Be the garbage-less change you wish to see in the city
This has shown that unfortunately, it is only when one is fined that there is a change in behaviour or a stop to an offending habit
Dumping trash in nullahs has cost hundreds of city residents R200 each since last week. According to the B rihanmumbai Municipal Corporation (BMC), their nuisance detection squads started fining people after spreading awareness for a week and have so far collected a total of R1,27,500 from four of the 24 municipal wards, this paper stated in a report.
The civic body's top brass has claimed that the fines are being levied with an aim to bring about a change in people with reference to their attitude towards sanitation. BMC Commissioner Praveen Pardeshi has said the civic body's main focus is on areas around slums and near nullahs as people living there are the major reason for the problem.
We welcome the fines and it is good to know that sizeable amounts have been collected. It shows that the BMC squads are vigilant. However, all checks and balances with reference to this squad must be done and they should not transform into the terror of the clean up marshals that we faced earlier.
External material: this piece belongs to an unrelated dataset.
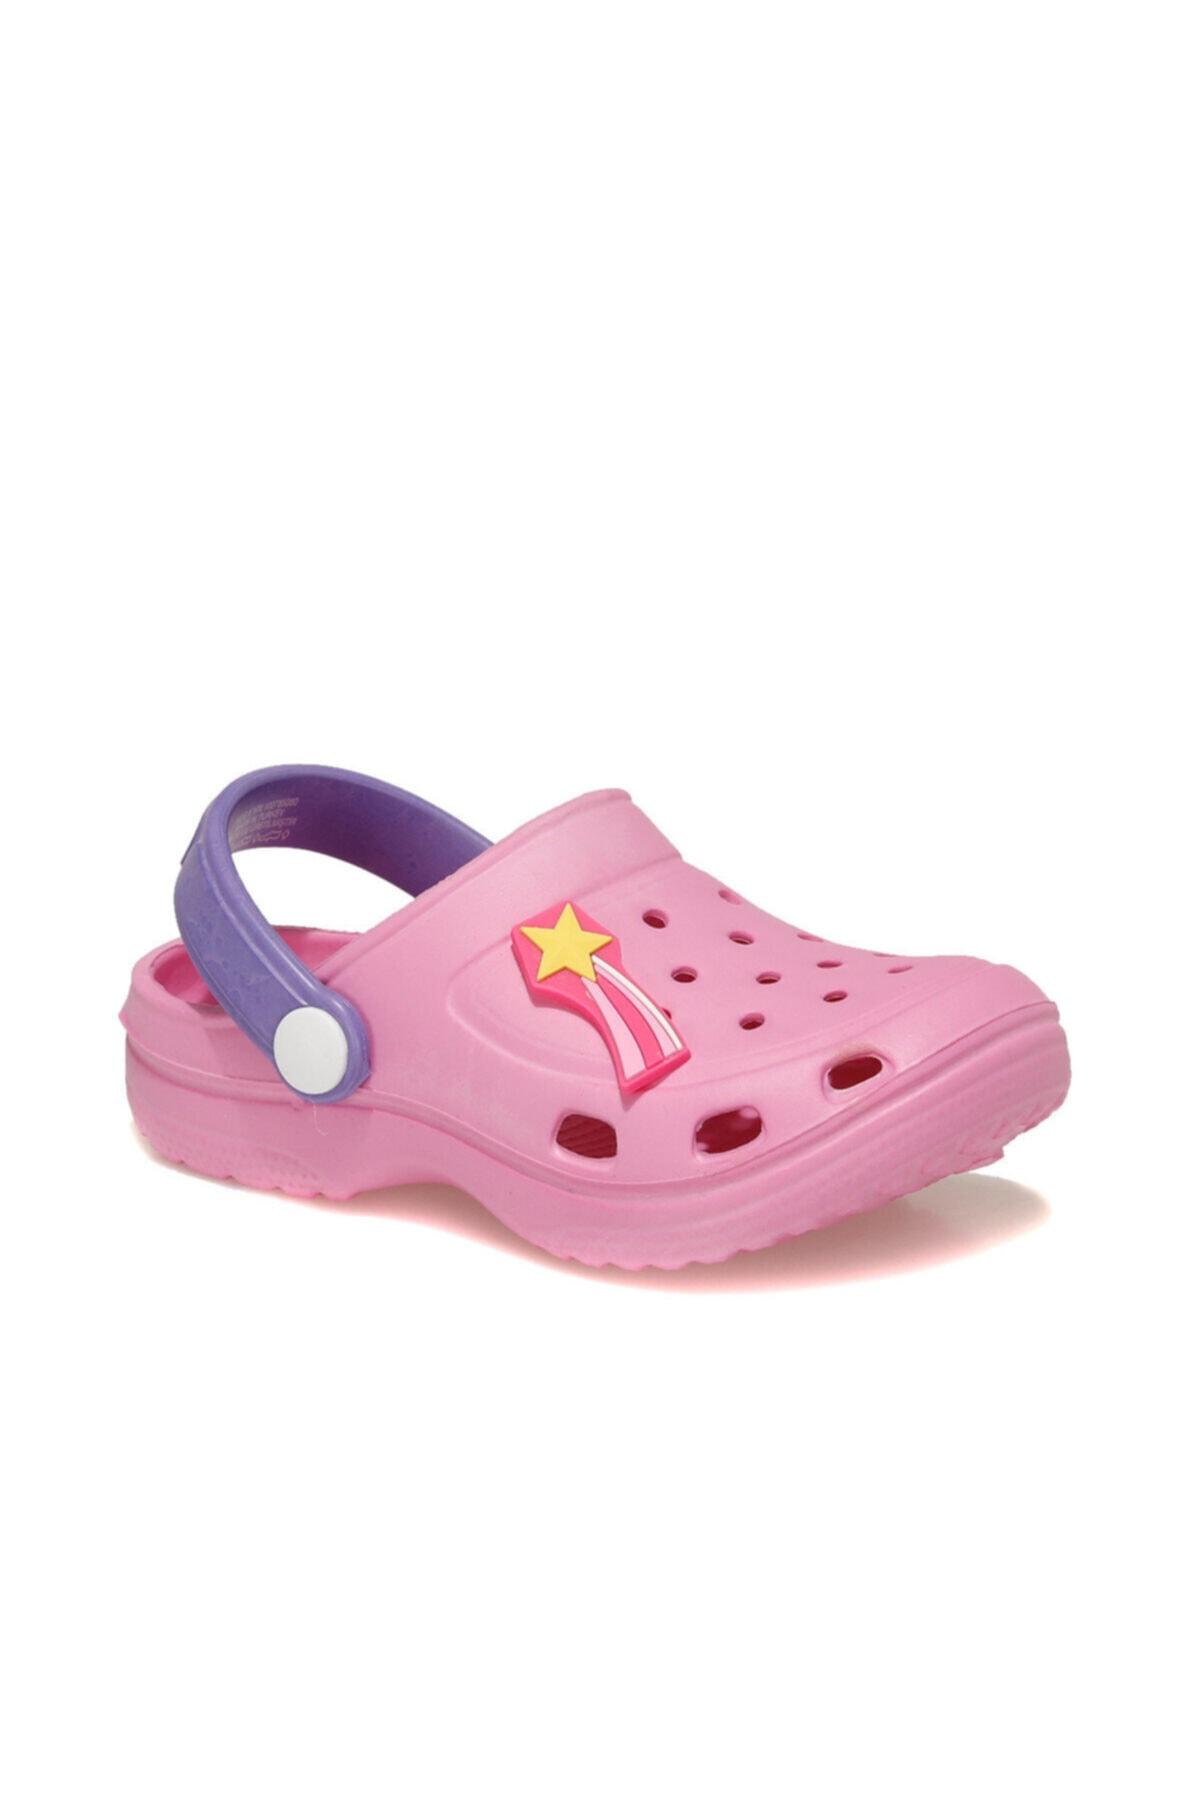 FROG X 1FX Pembe Kız Çocuk Deniz Ayakkabısı 100785080

This has shown that unfortunately, it is only when one is fined that there is a change in behaviour or a stop to an offending habit.
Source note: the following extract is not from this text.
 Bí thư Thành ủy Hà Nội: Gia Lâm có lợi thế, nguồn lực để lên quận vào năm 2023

It is a mirror to the entire cleanliness situation in the city. Garbage will stop being thrown only when there are punishments that pinch the pocket.
This should not be the case, though realistically it is. With so many awareness campaigns and real life examples in front of us, flooding because of choked nullahs and loss of life because of that, change has to come from within, rather than being enforced.
The BMC may even widen their fine campaign, one cannot say. Meanwhile, let us try to be the change we wish to see in Mumbai, fine or no fine.